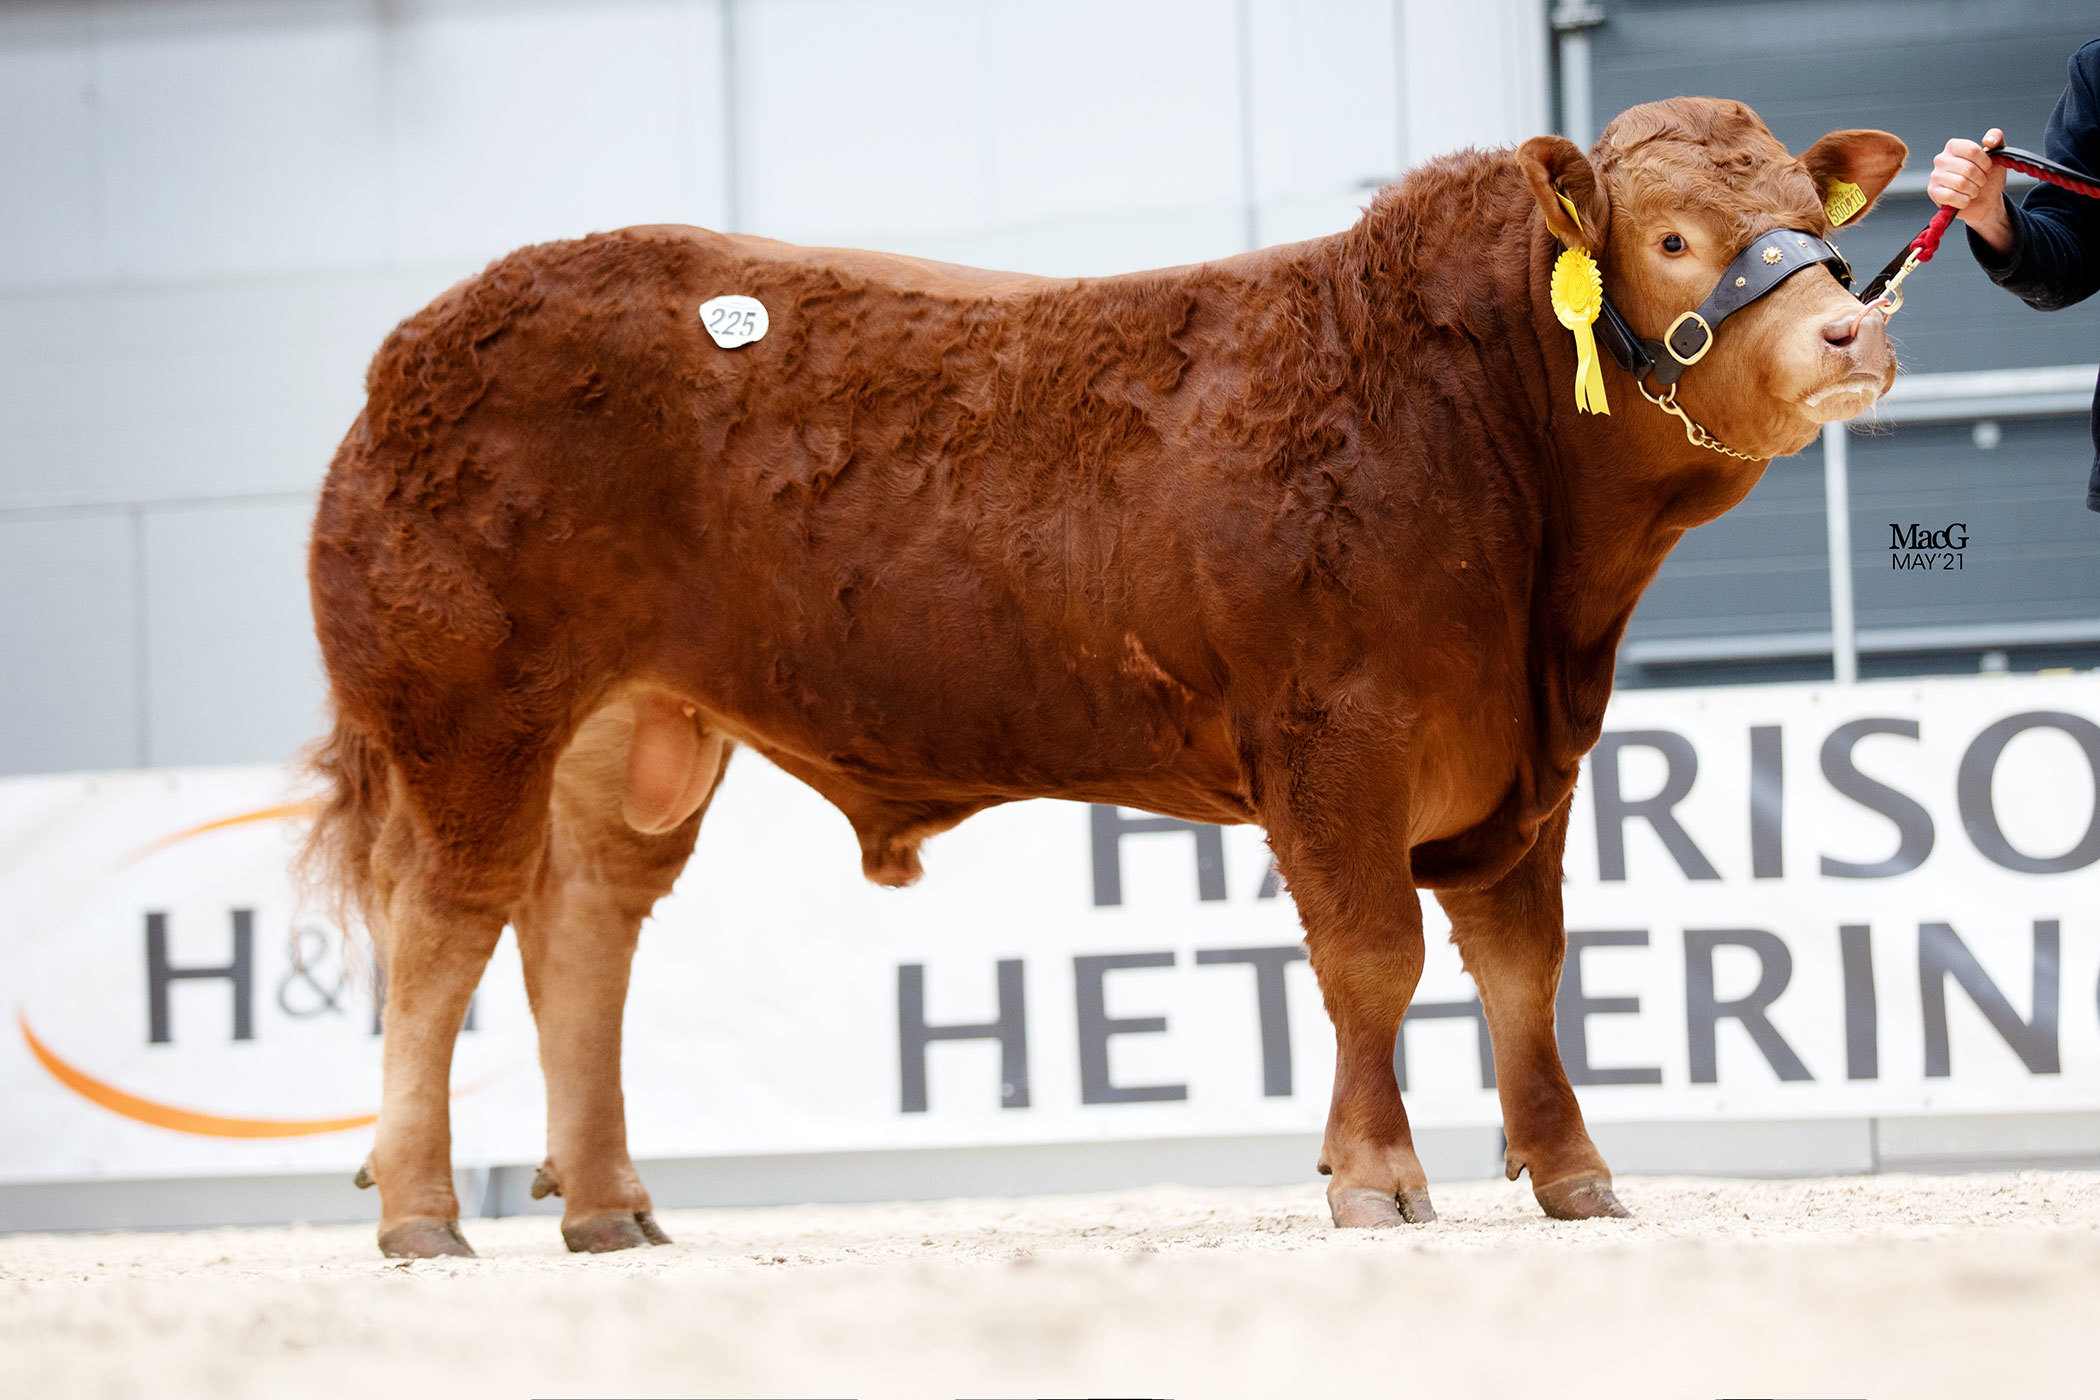 Tillside Predator made 40,000gns for young Tom Summers
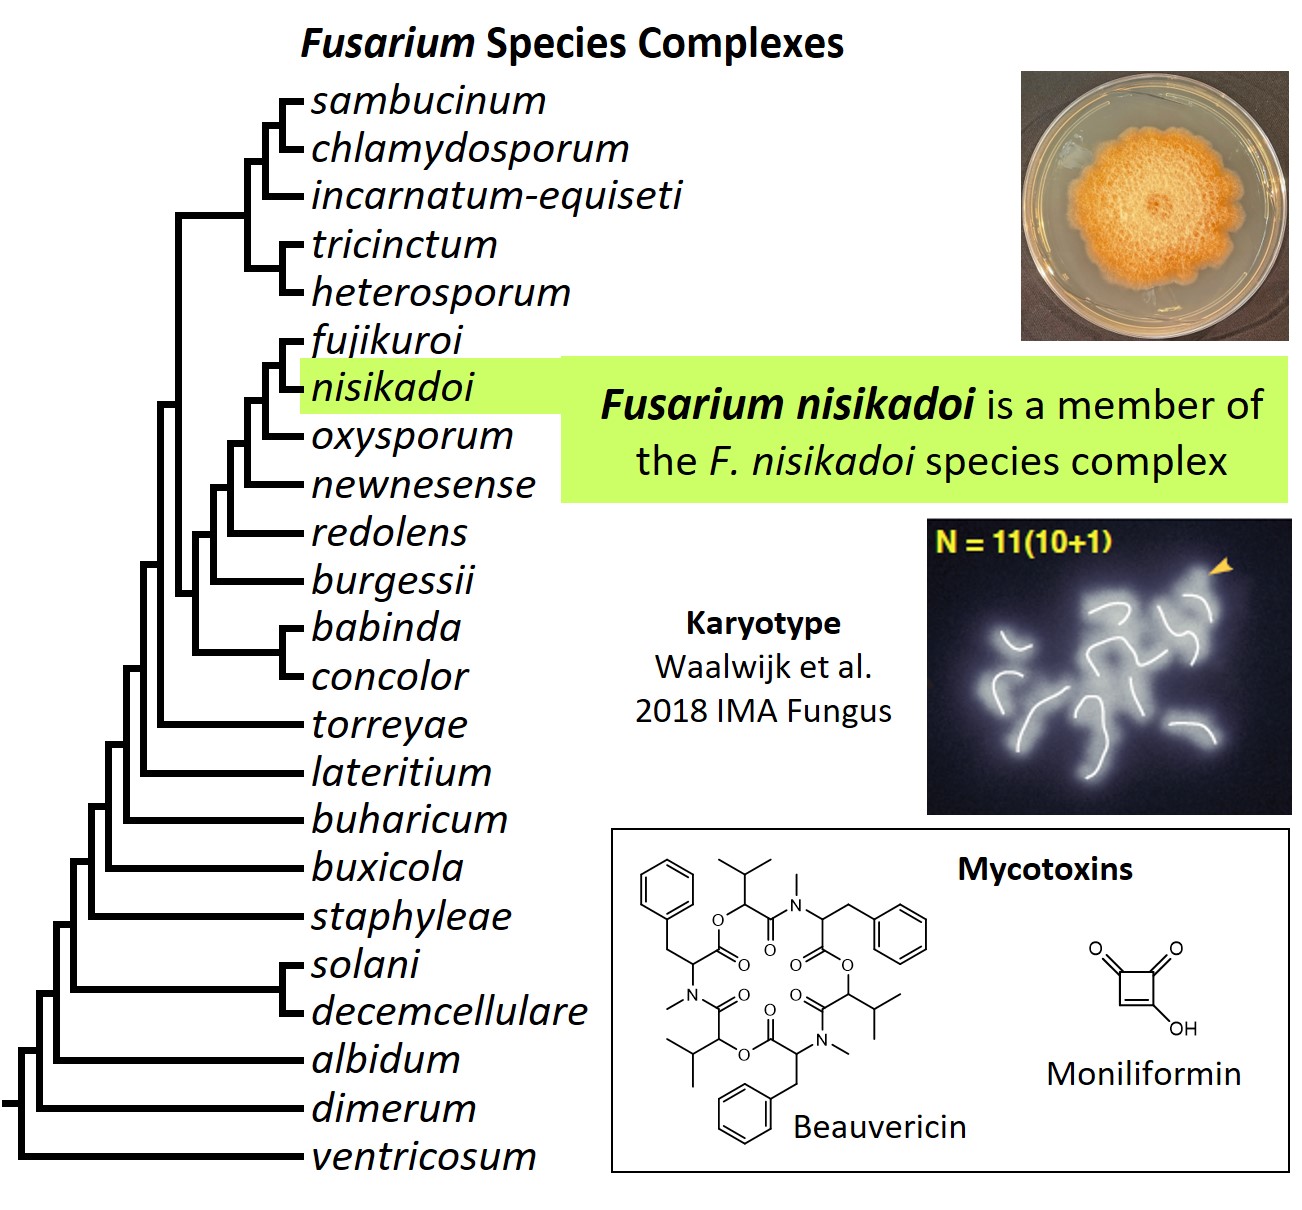 Left – tree showing phylogenetic relationships of the 23 Fusarium species complexes and placement of
F. nisikadoi within the F. nisikadoi species complex. In the tree, species complex names are abbreviated
using specific epithets of the species after which the complexes are named (e.g., the F. sambucinum
species complex is abbreviated as sambucinum). Upper right – culture of F. nisikadoi NRRL 25179
growing on potato dextrose agar medium. Middle right – karyotype of F. nisikadoi strain NRRL 25203.
Lower right – chemical structures of the mycotoxins beauvericin and moniliformin. [Image credit: Robert H. Proctor, Amy McGovern and Crystal Probyn]
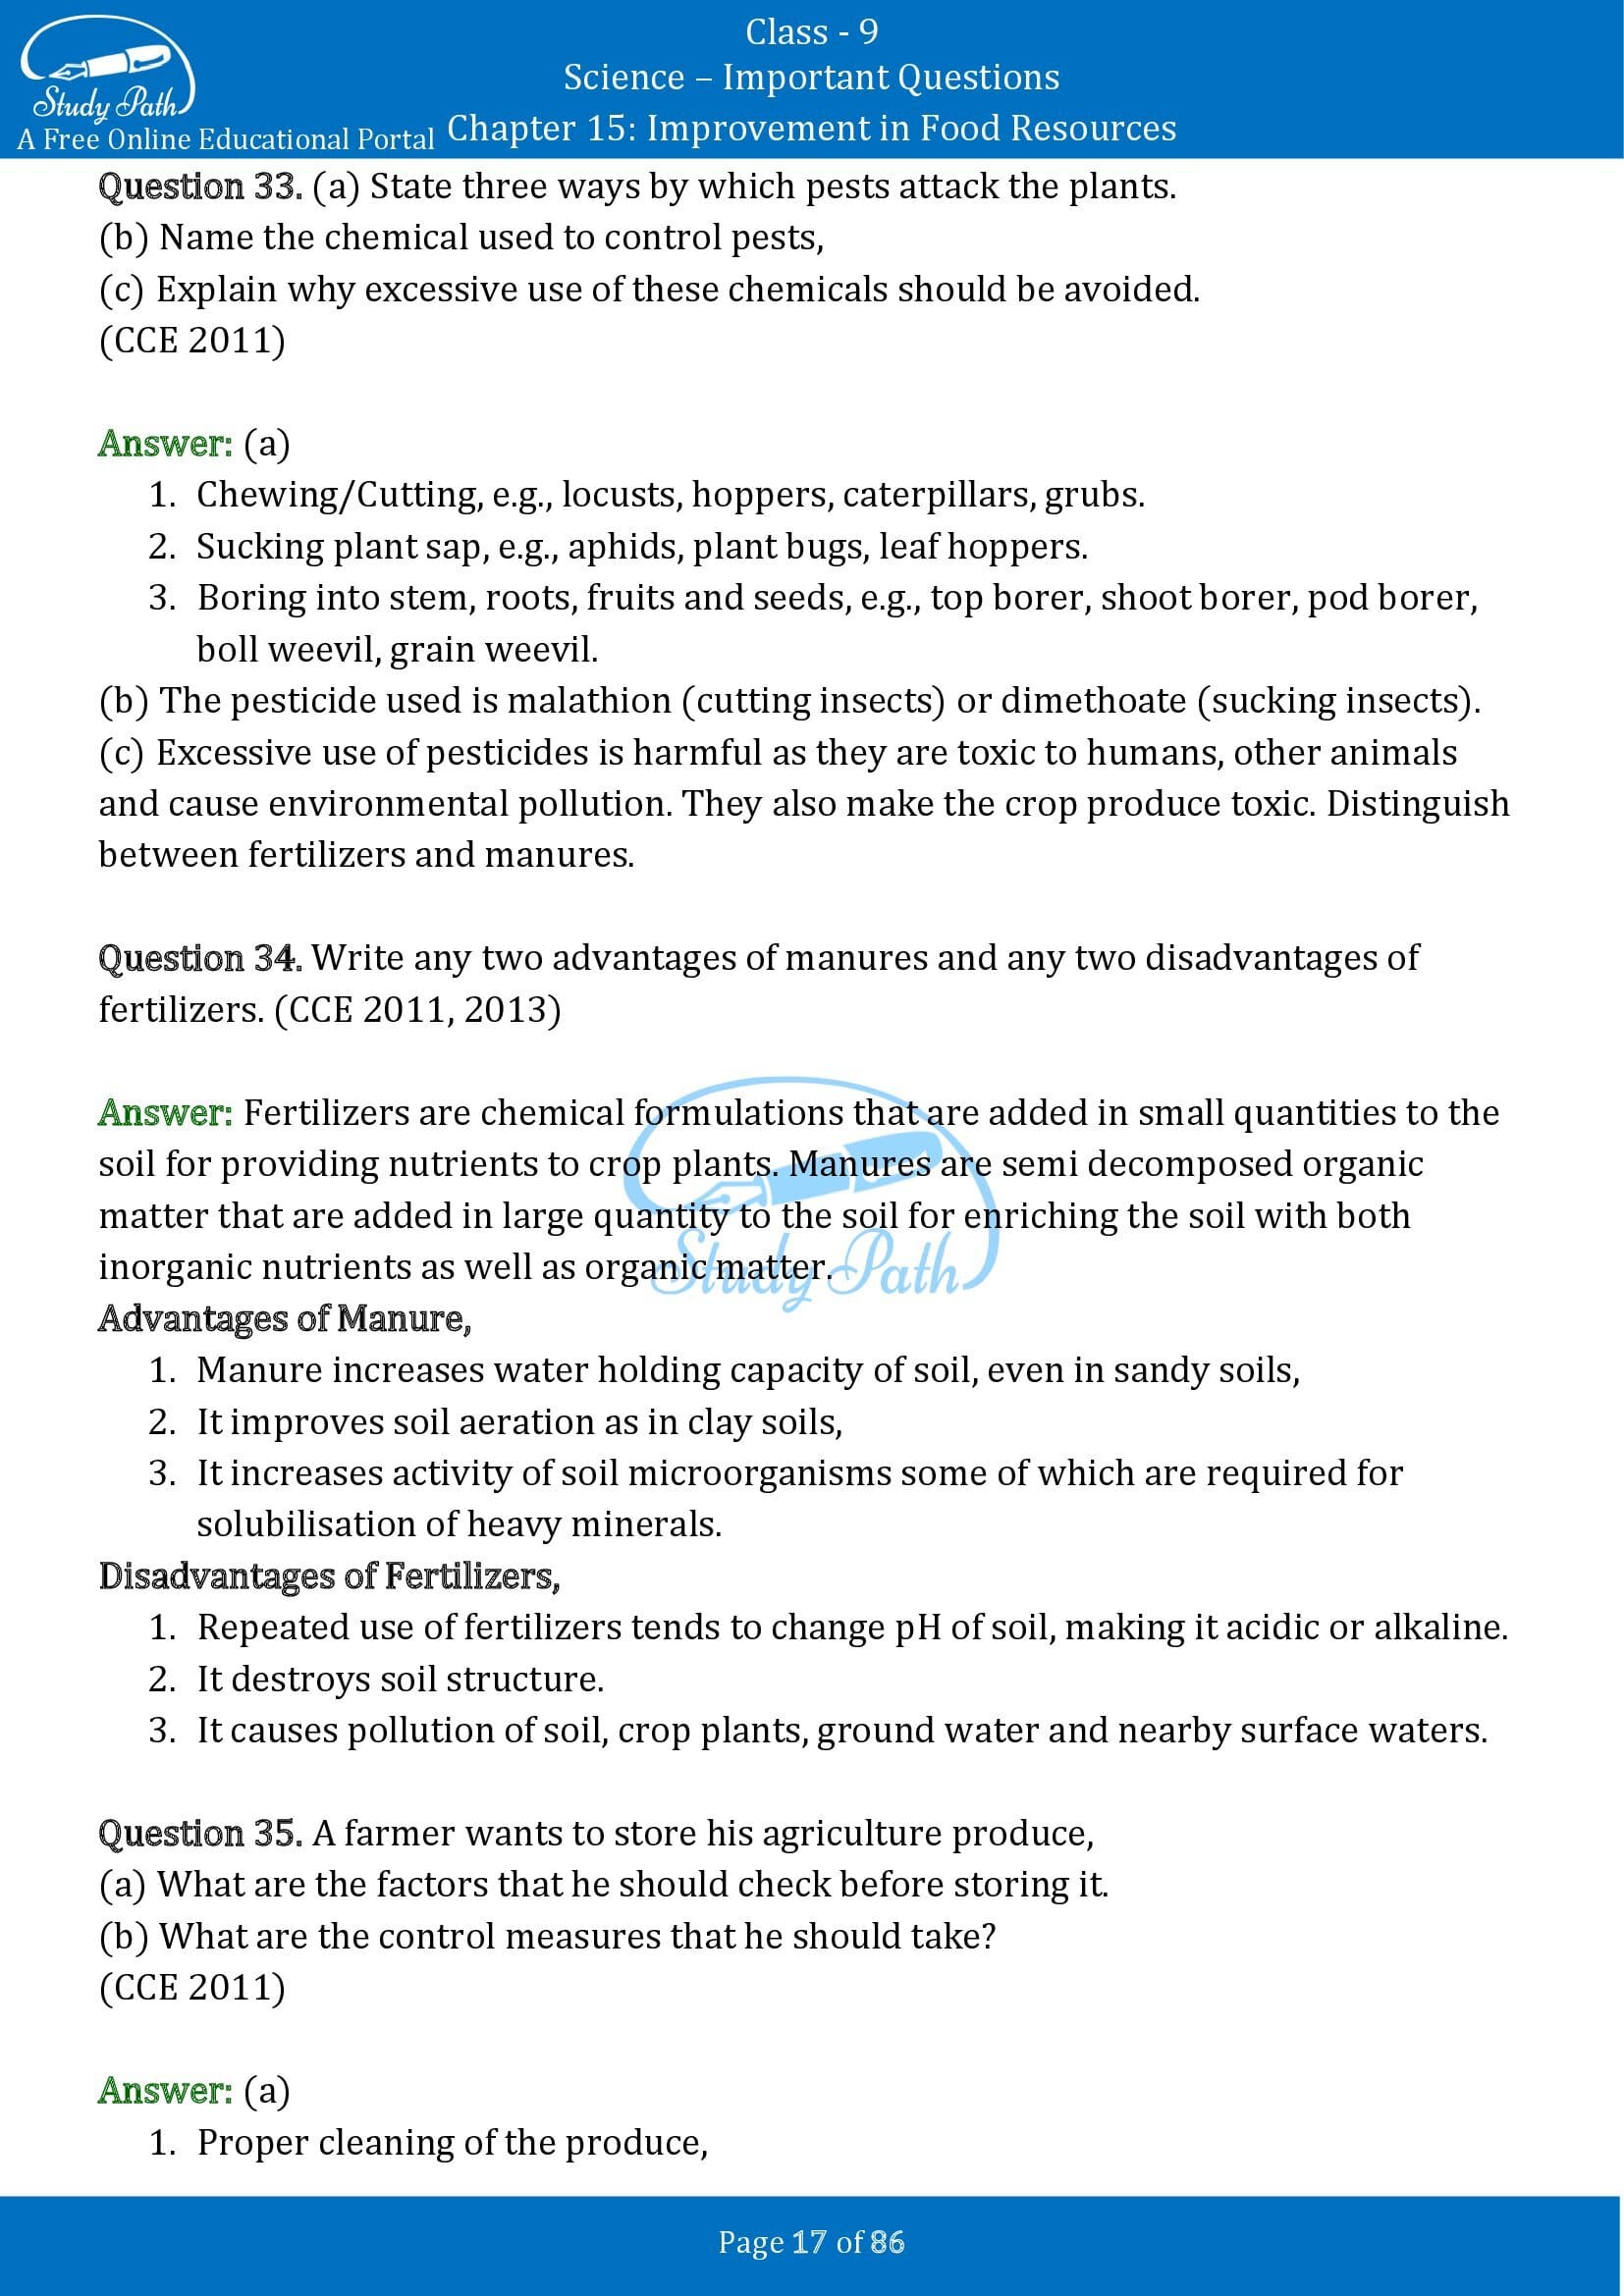 Important Questions for Class 9 Science Chapter 15 Improvement in Food Resources 00017
------------
--- PROBLEM DETAILS ---
Lines from the one holding "Lower right –" down to the last line of the entries above must be retyped exactly, inclusive of both, with no pictures and nothing else.

--- EXERCISE RESULT ---
Lower right – chemical structures of the mycotoxins beauvericin and moniliformin. [Image credit: Robert H. Proctor, Amy McGovern and Crystal Probyn]
 Important Questions for Class 9 Science Chapter 15 Improvement in Food Resources 00017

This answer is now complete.